NEW YORK and BASEL, Switzerland, Nov. 18, 2019 (GLOBE NEWSWIRE) — Axovant Gene Therapies Ltd. (NASDAQ: AXGT), a clinical-stage company developing innovative gene therapies, today announced that the U.S. Food and Drug Administration (FDA) has granted orphan drug designation for the Company’s investigational gene therapy, AXO-AAV-GM1, for the treatment of GM1 gangliosidosis. GM1 gangliosidosis is a progressive and fatal pediatric lysosomal storage disorder caused by mutations in the GLB1 gene leading to impaired production of the beta-galactosidase enzyme. The Company is planning to complete enrollment of patients in Part A of the AXO-AAV-GM1 registrational program evaluating safety and efficacy and expects to announce 6-month data from Part A in mid-2020.

“We are pleased to receive orphan drug designation for our GM1 gangliosidosis program as we advance the development of this potentially transformative, one-time gene therapy,” said Dr. Gavin Corcoran, chief R&D officer at Axovant. “There are currently no FDA approved therapies for patients with GM1 gangliosidosis, and the orphan drug designation underscores the significant unmet medical need. We look forward to increased interaction with the FDA to facilitate the development of AXO-AAV-GM1 and address this unmet need.”

FDA orphan drug designation is granted to investigational therapies which are intended for the safe and effective treatment, diagnosis or prevention of rare diseases or conditions that affect fewer than 200,000 people in the United States. Orphan drug designation provides several benefits to drug developers, which in addition to others, include increased FDA interaction, eligibility for 7-year market exclusivity, potential for tax credits towards the cost of clinical trials, and prescription drug user fee waivers at the time of filing a biologics license application (BLA).
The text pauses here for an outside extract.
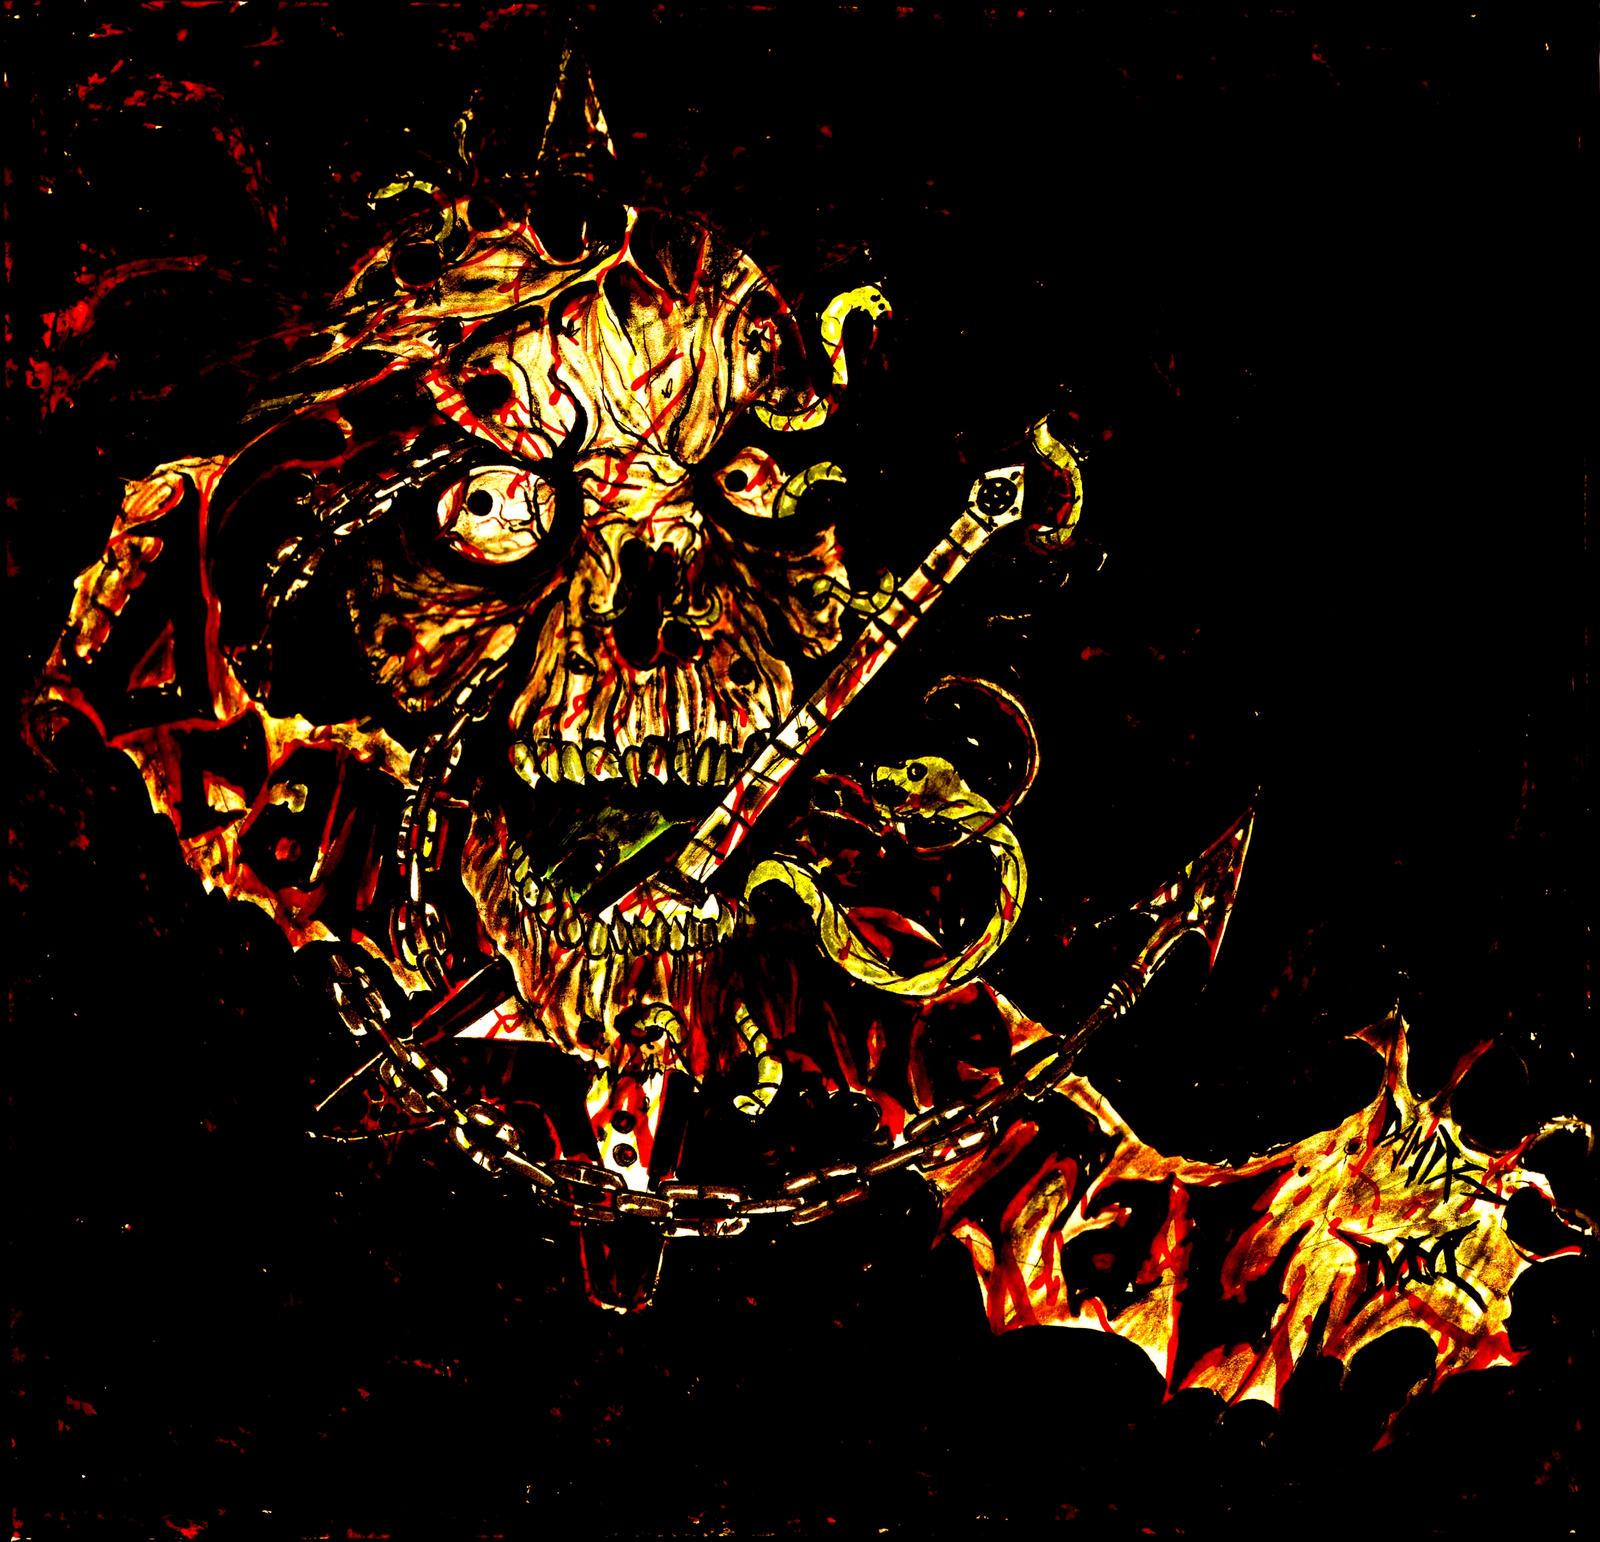 death metal compilation mondometal by damix by damixart

For more information about orphan drug designation, please visit the FDA website at www.fda.gov.

About AXO-AAV-GM1

AXO-AAV-GM1 is an investigational gene therapy that delivers a functional copy of the GLB1 gene via an adeno-associated viral (AAV) vector, with the goal of restoring β-galactosidase enzyme activity for the treatment of GM1 gangliosidosis. The gene therapy is delivered intravenously, which has the potential to broadly transduce the central nervous system and treat peripheral manifestations of the disease as well. Preclinical studies in murine and a naturally-occurring feline model of GM1 gangliosidosis have supported AXO-AAV-GM1’s ability to improve β-galactosidase enzyme activity, reduce GM1 ganglioside accumulation, improve neuromuscular function, and extend survival.

About Axovant Gene Therapies

Axovant Gene Therapies, part of the Roivant family of companies, is a clinical-stage gene therapy company focused on developing a pipeline of innovative product candidates for debilitating neurodegenerative diseases. Our current pipeline of gene therapy candidates targets GM1 gangliosidosis, GM2 gangliosidosis (including Tay-Sachs disease and Sandhoff disease), and Parkinson’s disease. Axovant is focused on accelerating product candidates into and through clinical trials with a team of experts in gene therapy development and through external partnerships with leading gene therapy organizations. For more information, visit www.axovant.com.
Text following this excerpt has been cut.